The employees who brought this lawsuit claimed that the base hours of full-time
pharmacists were also reduced, accompanied by a proportional reduction in their
minimum salary. They sued on behalf of themselves and similarly situated employees
claiming this practice meant that they were not paid a "predetermined amount,"
which was inconsistent with being paid on a salary basis as defined in U.S.
Department of Labor (DOL) regulations. They were thus nonexempt employees and
were owed overtime at time-and-a-half for all hours they had worked in excess
of 40 in any workweek. A district court agreed with the employees, and Wal-Mart
appealed.
Ruling. The appeals court looked at a series of DOL opinion letters
to determine what the term "predetermined amount" in the regulation
meant. The employees argued that the exemptions from the salary-basis test should
be construed narrowly, placing the burden on the employer to prove that a practice
met the test. The court said, however, that this rule covered judicial interpretation
of statutes and regulations, not how DOL interpreted its own regulations.
The court looked at three separate DOL opinion letters given to employers who,
when facing economic slowdowns, inquired whether reducing the work schedule
of their exempt employees with a corresponding reduction in pay would make them
nonexempt. The court concluded that the letters confirmed its reading of the
requirement that exempt employees receive at least a "predetermined amount"

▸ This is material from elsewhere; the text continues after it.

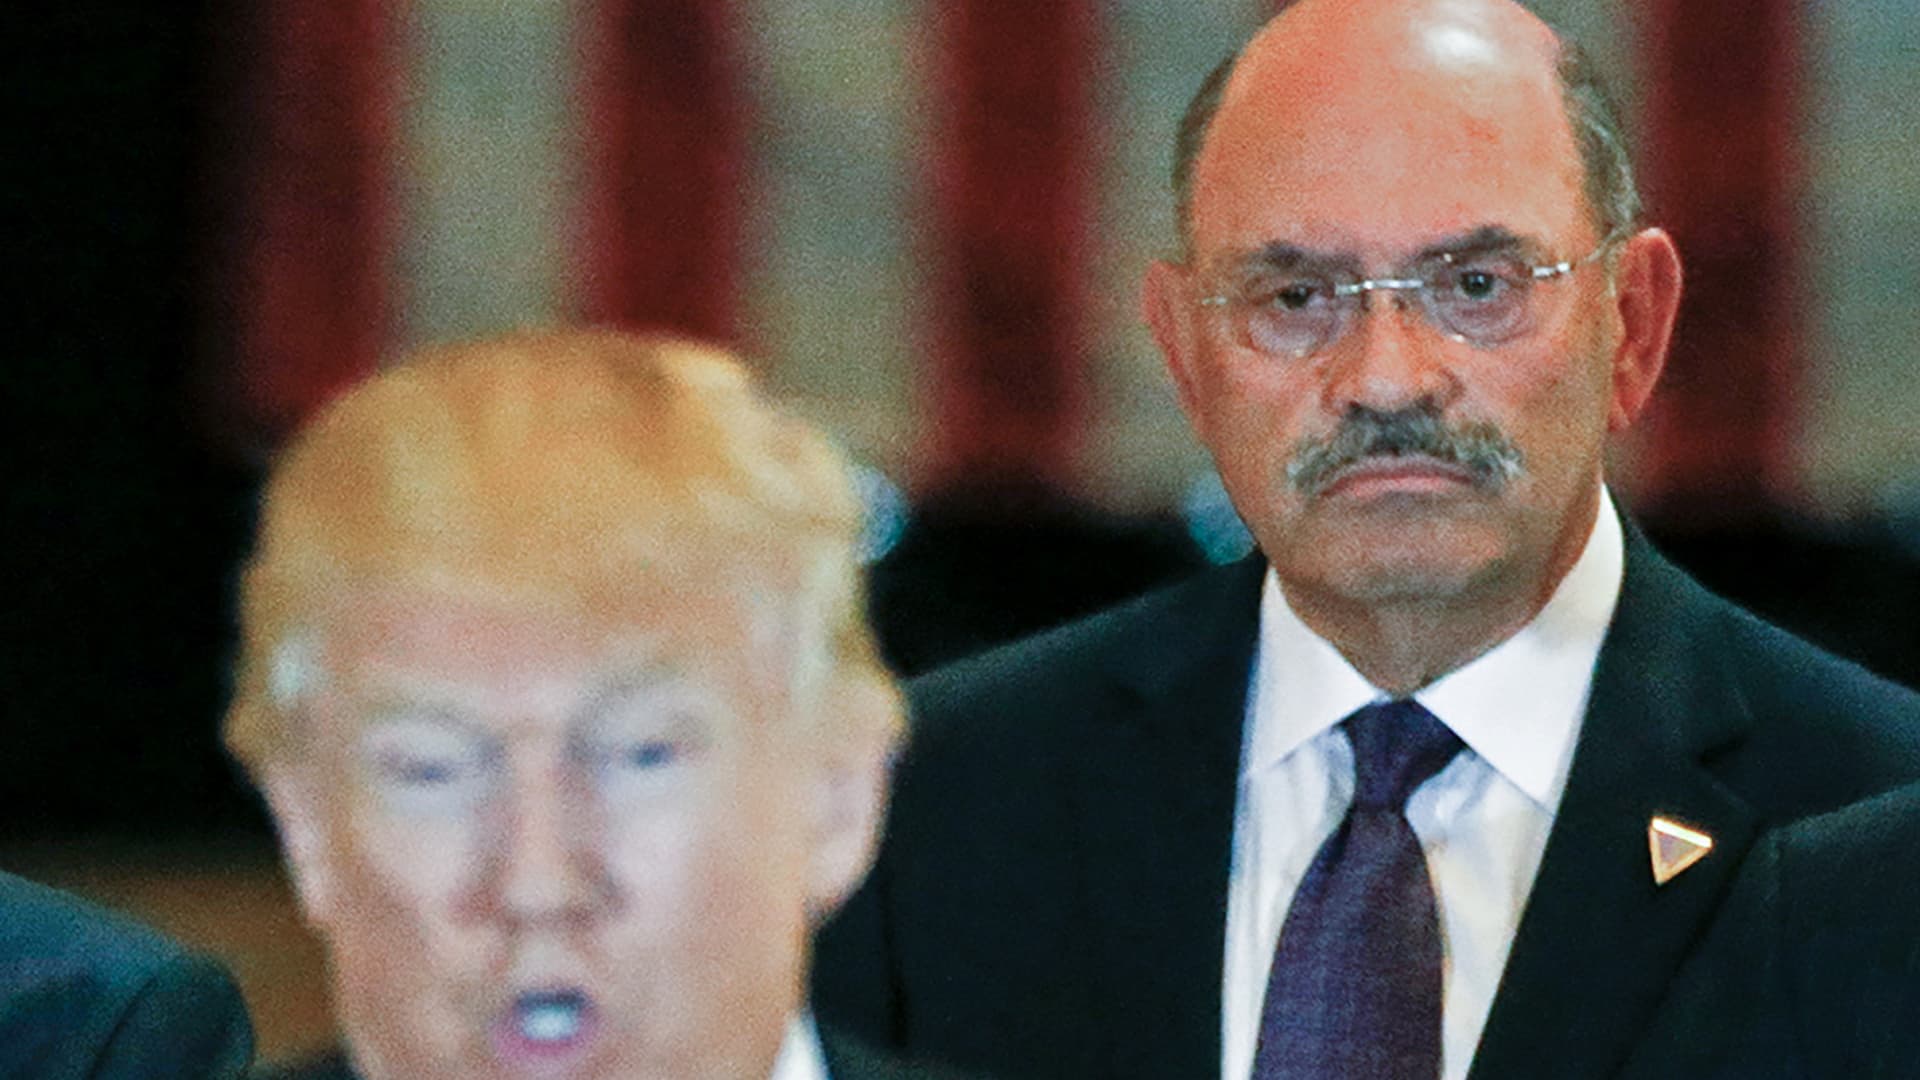 Trump Organization chief financial officer Allen Weisselberg looks on as then-U.S. Republican presidential candidate Donald Trump speaks during a news conference at Trump Tower in Manhattan, New York, May 31, 2016.

as salary does not preclude an employer from making occasional prospective salary
reductions before the affected pay period in response to business needs.
On the other hand, the court noted that exempt status can be defeated by a
pervasive manipulation of payments that makes a "sham" of what purports
to be a salary. For example, an employer that had a regular practice each Friday
of informing its professional staff of the work schedule for the following week,
and of making prospective adjustments in compensation to reflect any changes,
would so qualify. Such a practice would make the employee's salary the
functional equivalent of an hourly wage.
The court concluded that as a general rule, an employer may prospectively make
adjustments in salary with a like adjustment in scheduled hours to accommodate
its business needs. If, however, the salary changes are so frequent as to make
the salary the functional equivalent of an hourly wage, it would treat the "salary"
as
a sham and deny the employer the Fair Labor Standards Act (FLSA) overtime exemption.
The case now goes back to the district court to apply this rule to the facts
of the case. Archuleta v. Wal-Mart Stores, Inc., U.S. Court of Appeals
for the 10th Circuit, No. 03-1432 (2/1/05).